[Opening DATA section]

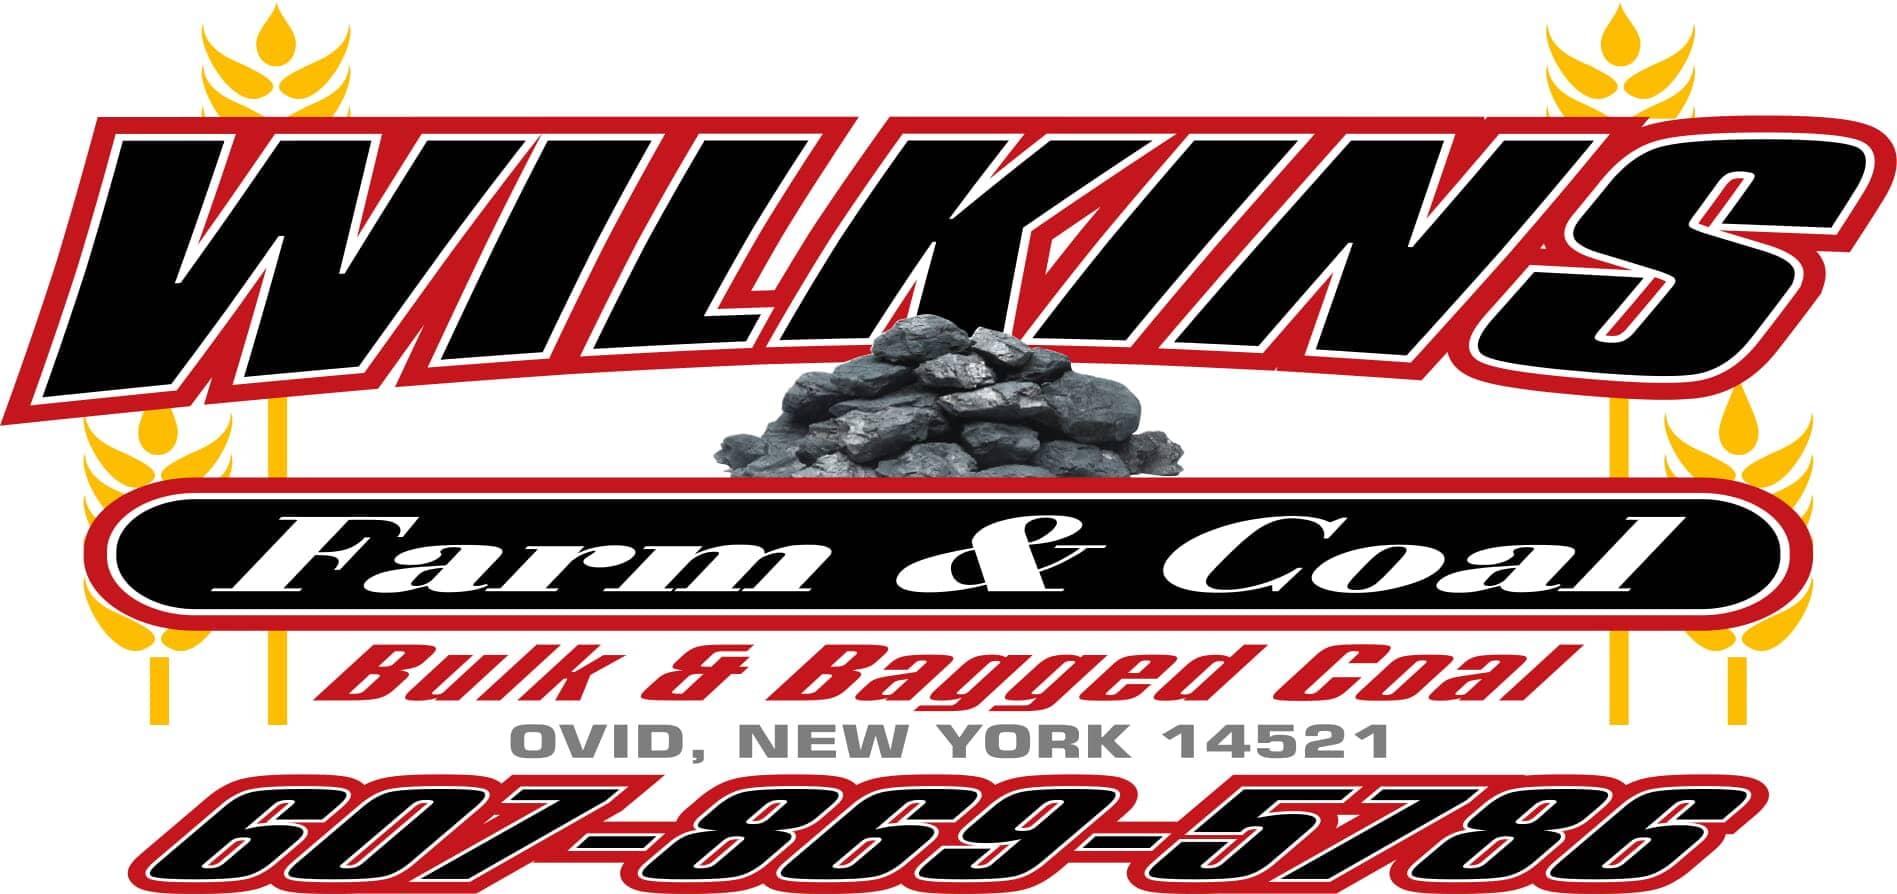 Wilkins Farm and Coal
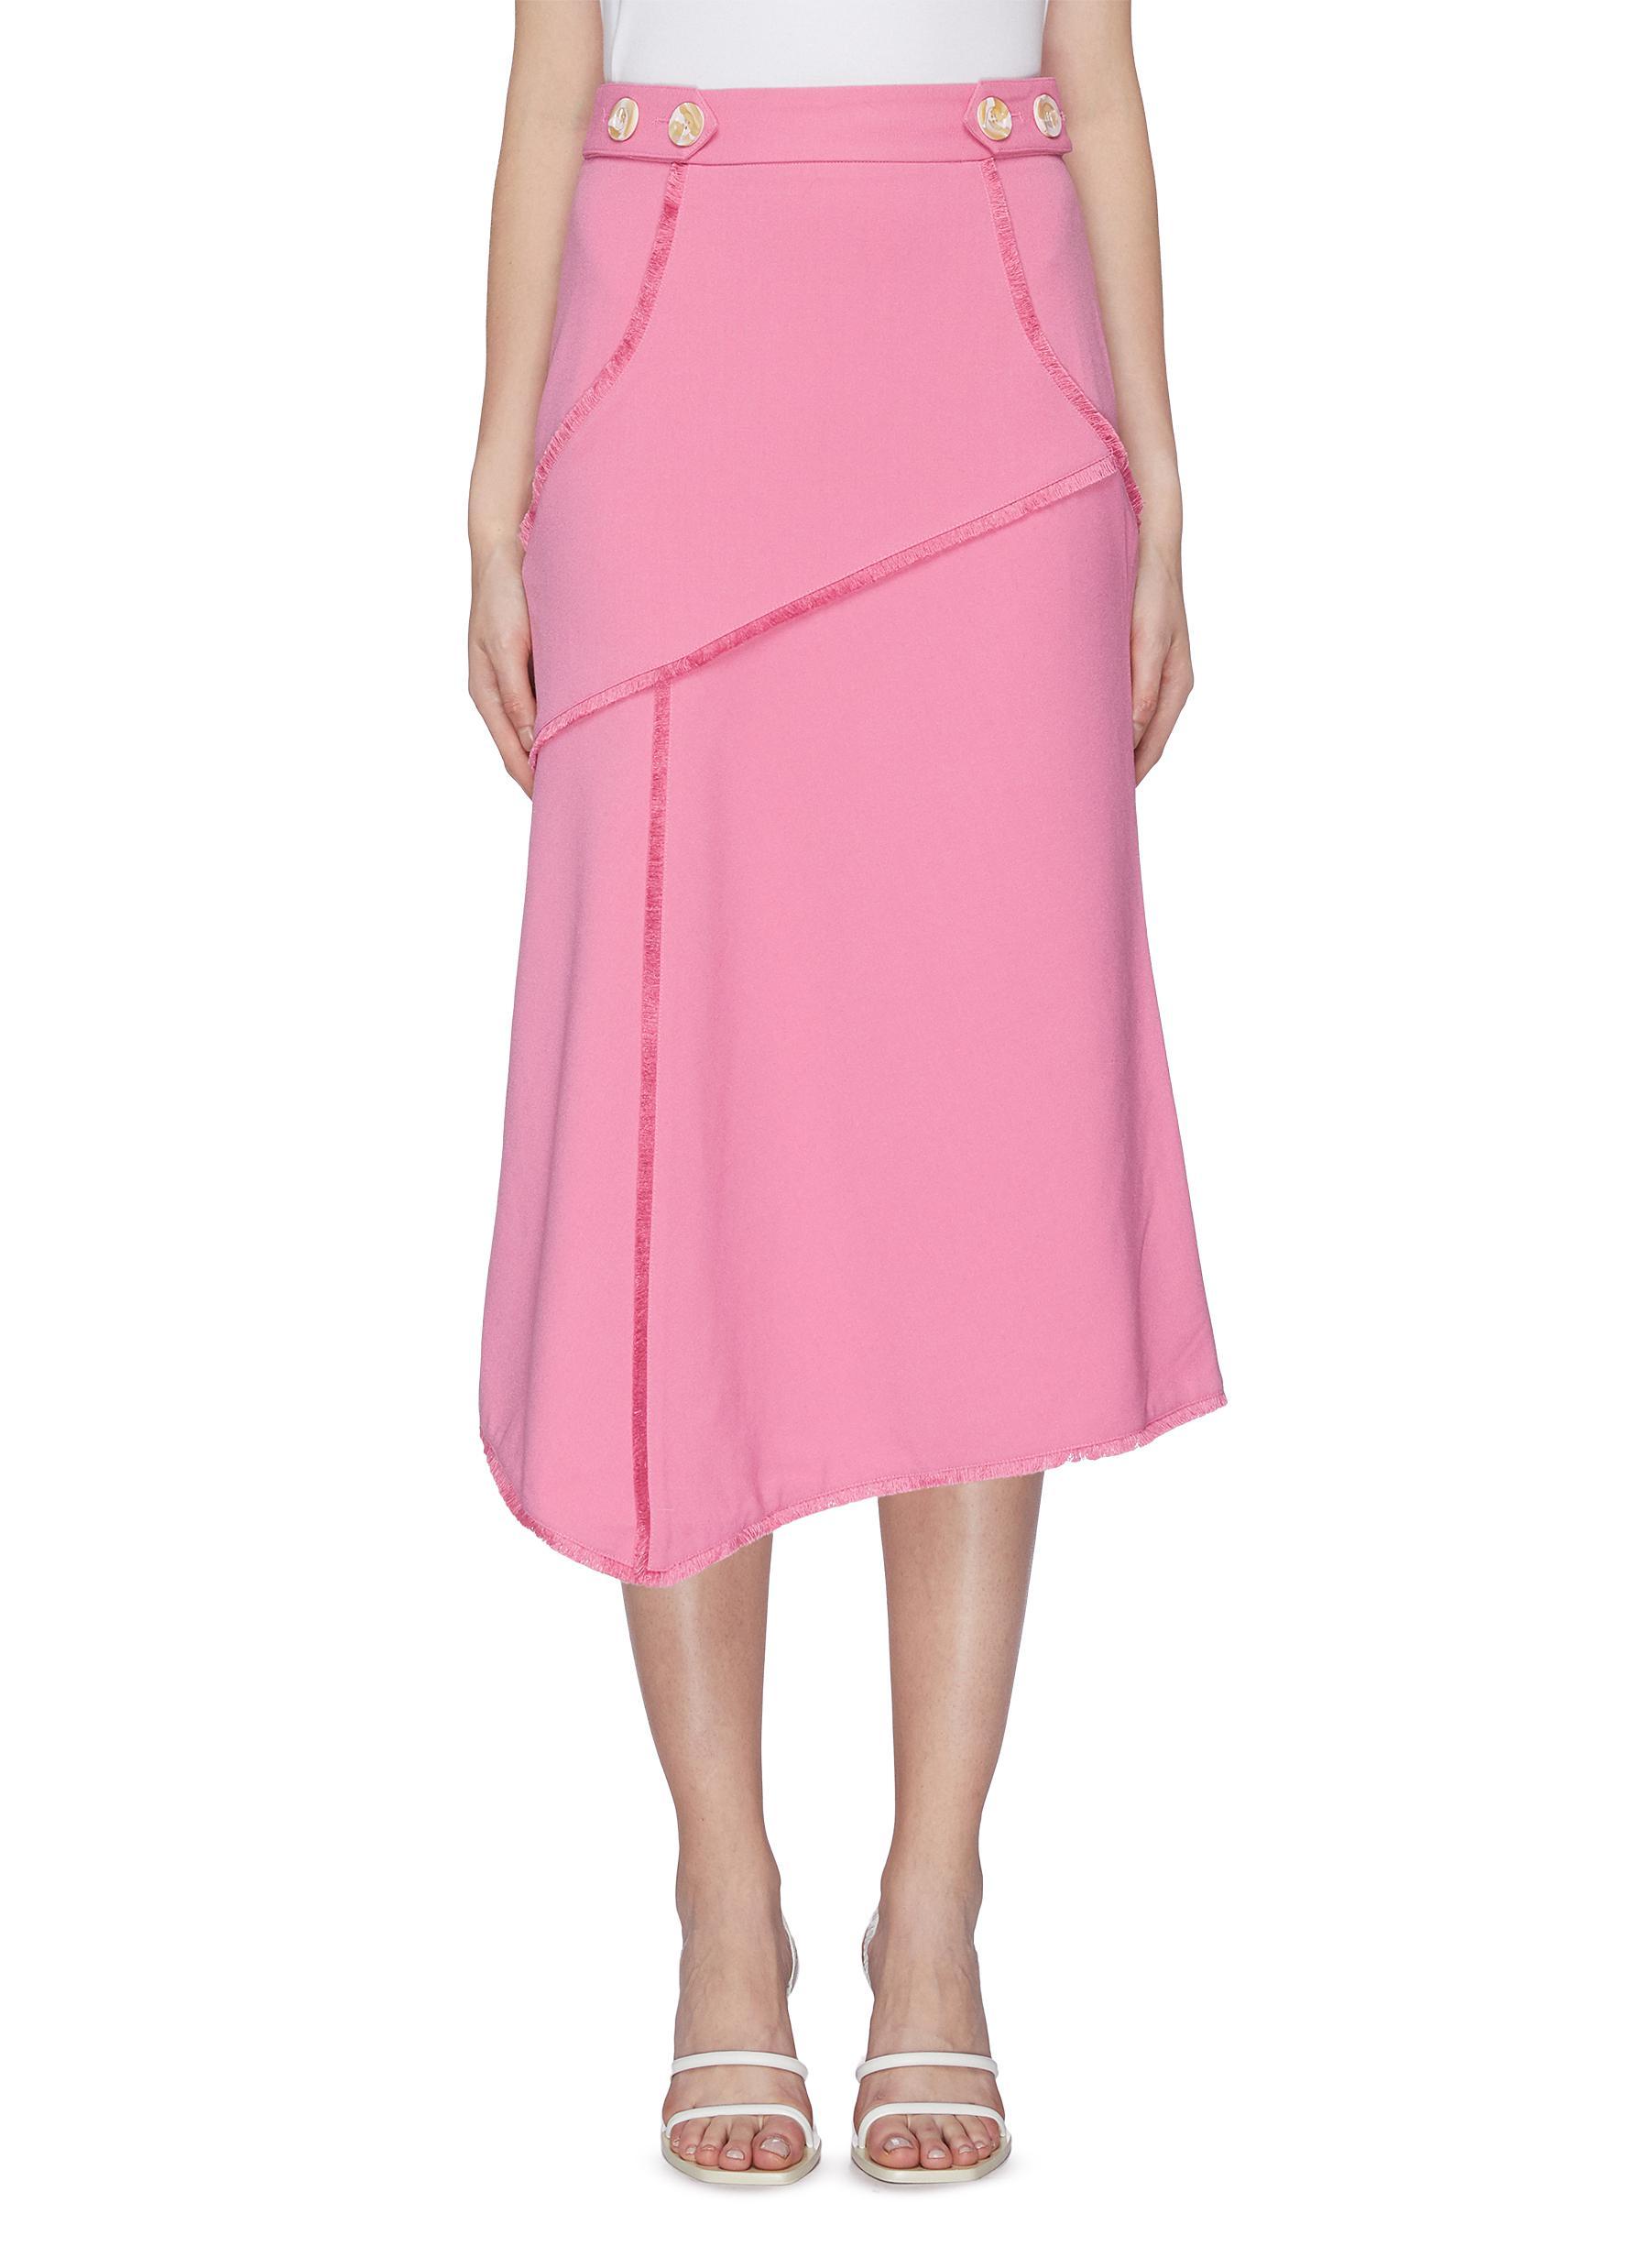 Sienna fringe panelled skirt by Rebecca Vallance
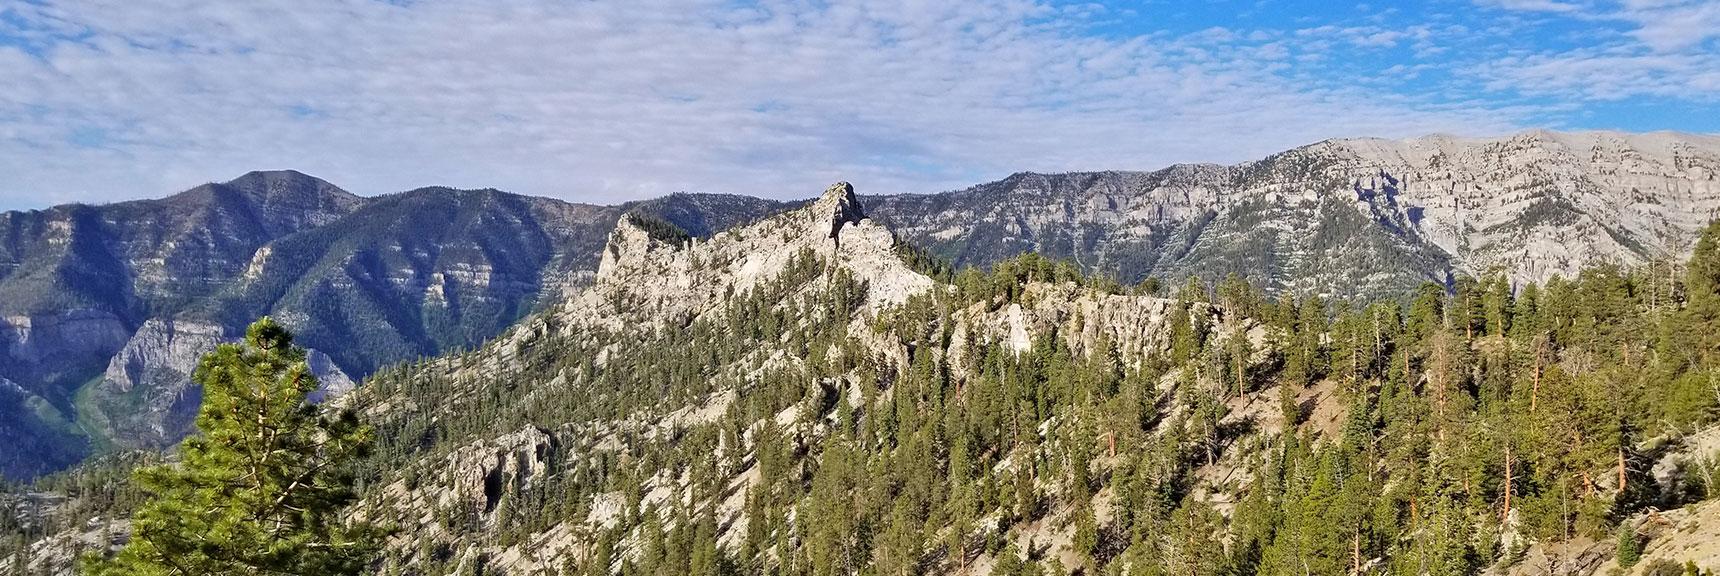 Cockscomb Ridge from the East on North Loop Trail | Mummy Mountain's Knees | Mt. Charleston Wilderness, Nevada 004

[Closing DATA section]

Line for line, restate the data above and omit every picture.

 Wilkins Farm and Coal
 Sienna fringe panelled skirt by Rebecca Vallance
 Cockscomb Ridge from the East on North Loop Trail | Mummy Mountain's Knees | Mt. Charleston Wilderness, Nevada 004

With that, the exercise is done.